Alfred University News

Celebrating an indigenous heritage, Lio Bonaccio cooks and serves frybread at Powell Campus Center

Lio Bonaccio, a fourth-year Alfred University student with a major in art history and a minor in English, decided this year to celebrate Indigenous Peoples’ Day with an old family recipe.


The result was a pile of frybread that Lio handed out to friends and passersby in the Powell Campus Center Monday evening. A family recipe was used in making the bread, passed down from grandmother Mercedes Martinez to the Bonaccio family on the upper West Side of New York City, where Lio was growing up.

“I grew up eating it,” Lio says. “My grandma used it to serve us Indian tacos.”

Lio thinks the recipe is based on a Blackfoot recipe, although it uses olive oil. When native indigenous people were uprooted from their lands and given food basics such as flour for survival, it’s unlikely olive oil was included in the package.

“Probably they used some kind of lard,” Lio says.

Lio chose Indigenous Peoples Day to serve the frybread as a way of pushing back against the tokenism that many indigenous people see embedded in the standard land acknowledgements that open public assemblies. “We have land acknowledgements that we’re occupying Seneca Nation land here in Alfred,” Lio says. “But no one does anything beyond that.”

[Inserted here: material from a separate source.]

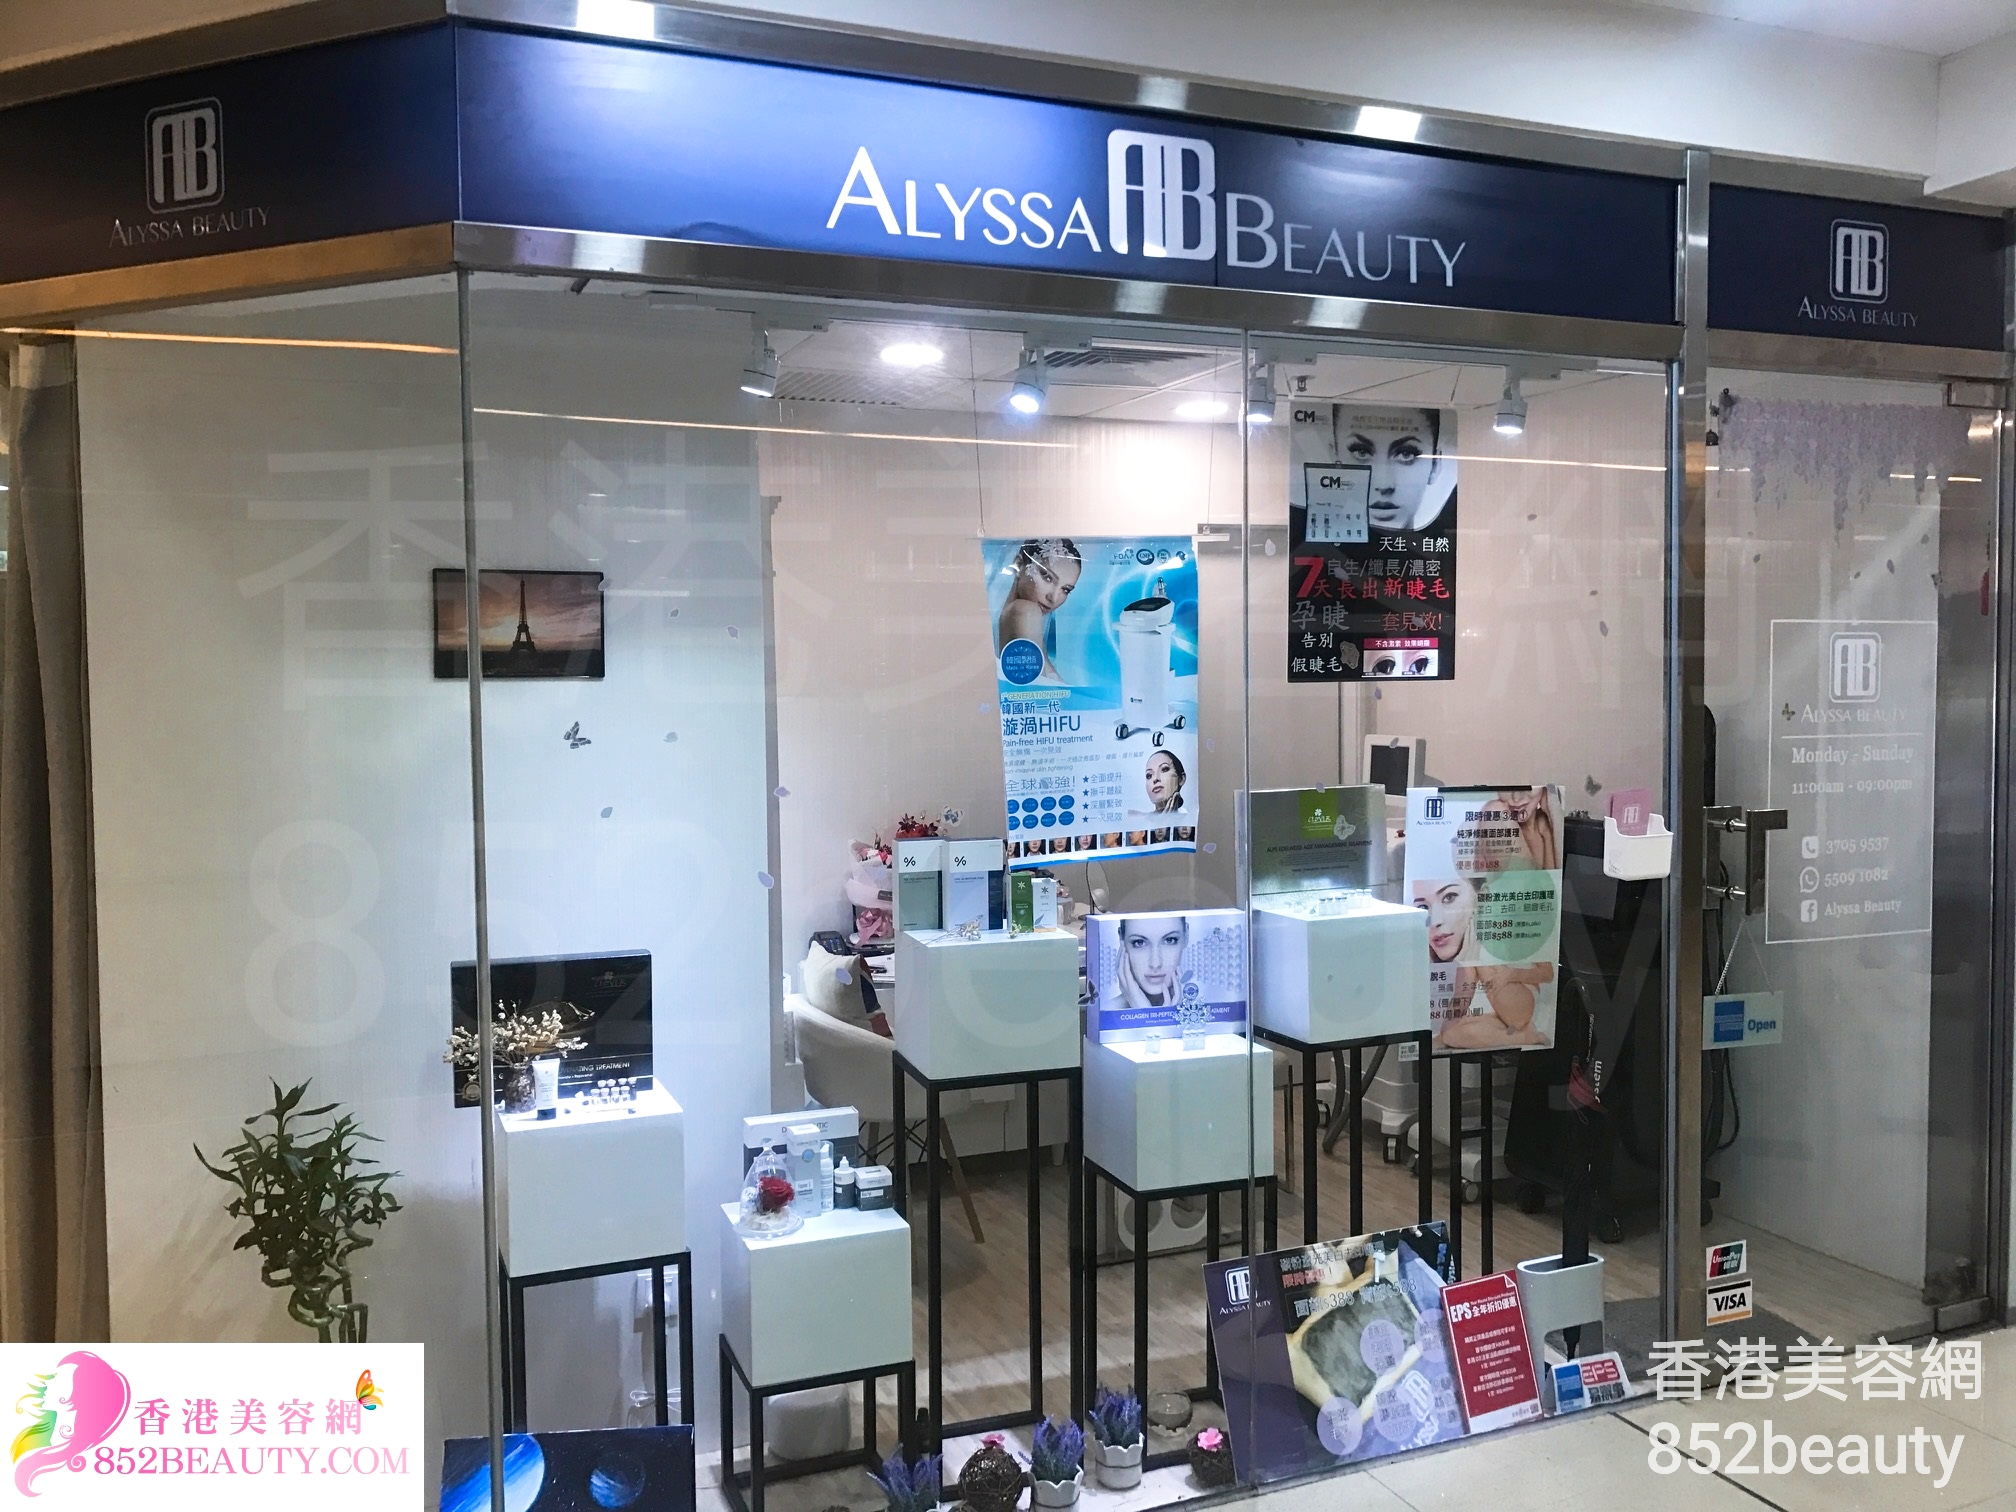 香港美容網 Hong Kong Beauty Salon 美容院 / 美容師: Alyssa Beauty (馬鞍山店)

Along with studying art history, Lio also paints and does photography. A Fullbright scholarship and possible internship at the National Museum of the American Indian, in New York City, also in the works following graduation in the spring of 2024.

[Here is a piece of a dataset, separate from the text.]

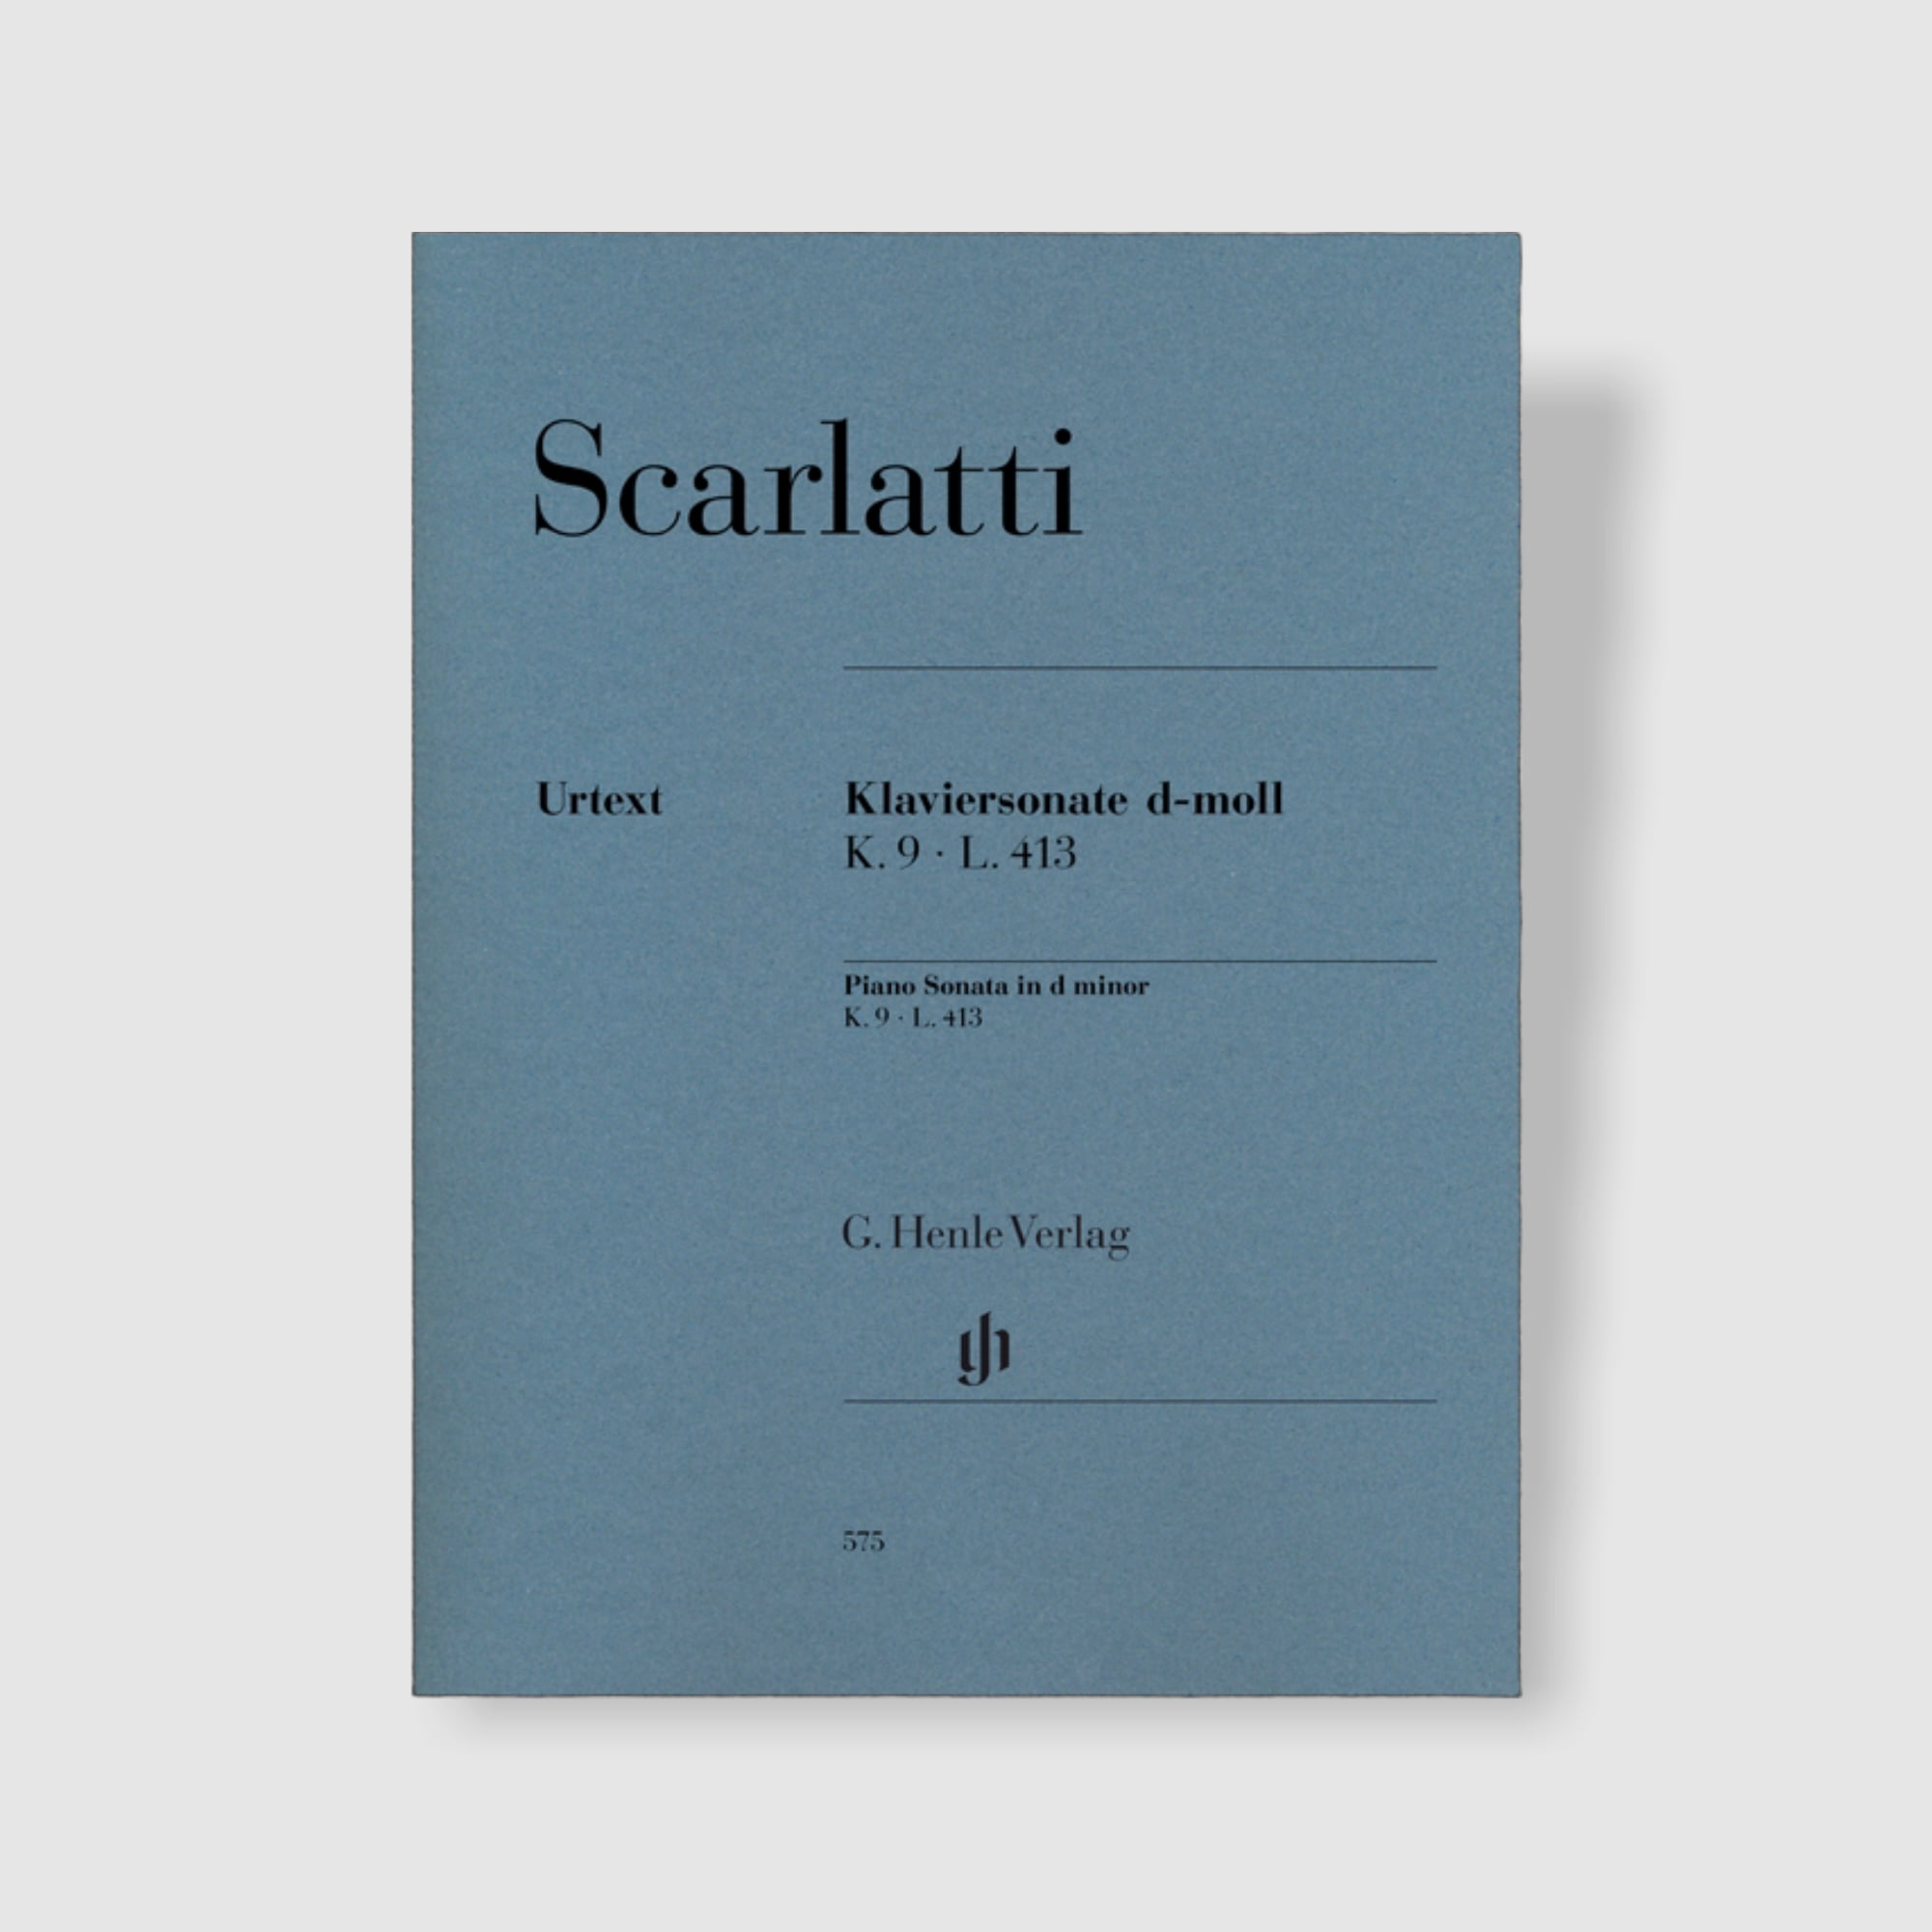 스카를라티 피아노 소나타 in d minor, K.9, L.413

Lio also plans to continue cooking frybread. “I want to teach my children how to make it, so the tradition isn’t lost.”

 

Lio Bonaccio’s recipe for fry bread, based on an oral tradition

handed down from grandmother Mercedes Martinez

 

Mix about three cups of flour and maybe 1½ tablespoons of salt with a little baking powder, olive oil, and one cup of hot water. Allow the mixture to relax for 30 minutes, then form in small balls.  Roughly flatten the balls and rough up the edges with your thumbs to give each piece a pie shape. Poke a hole in the center, then fry each piece in a mixture of oil and butter.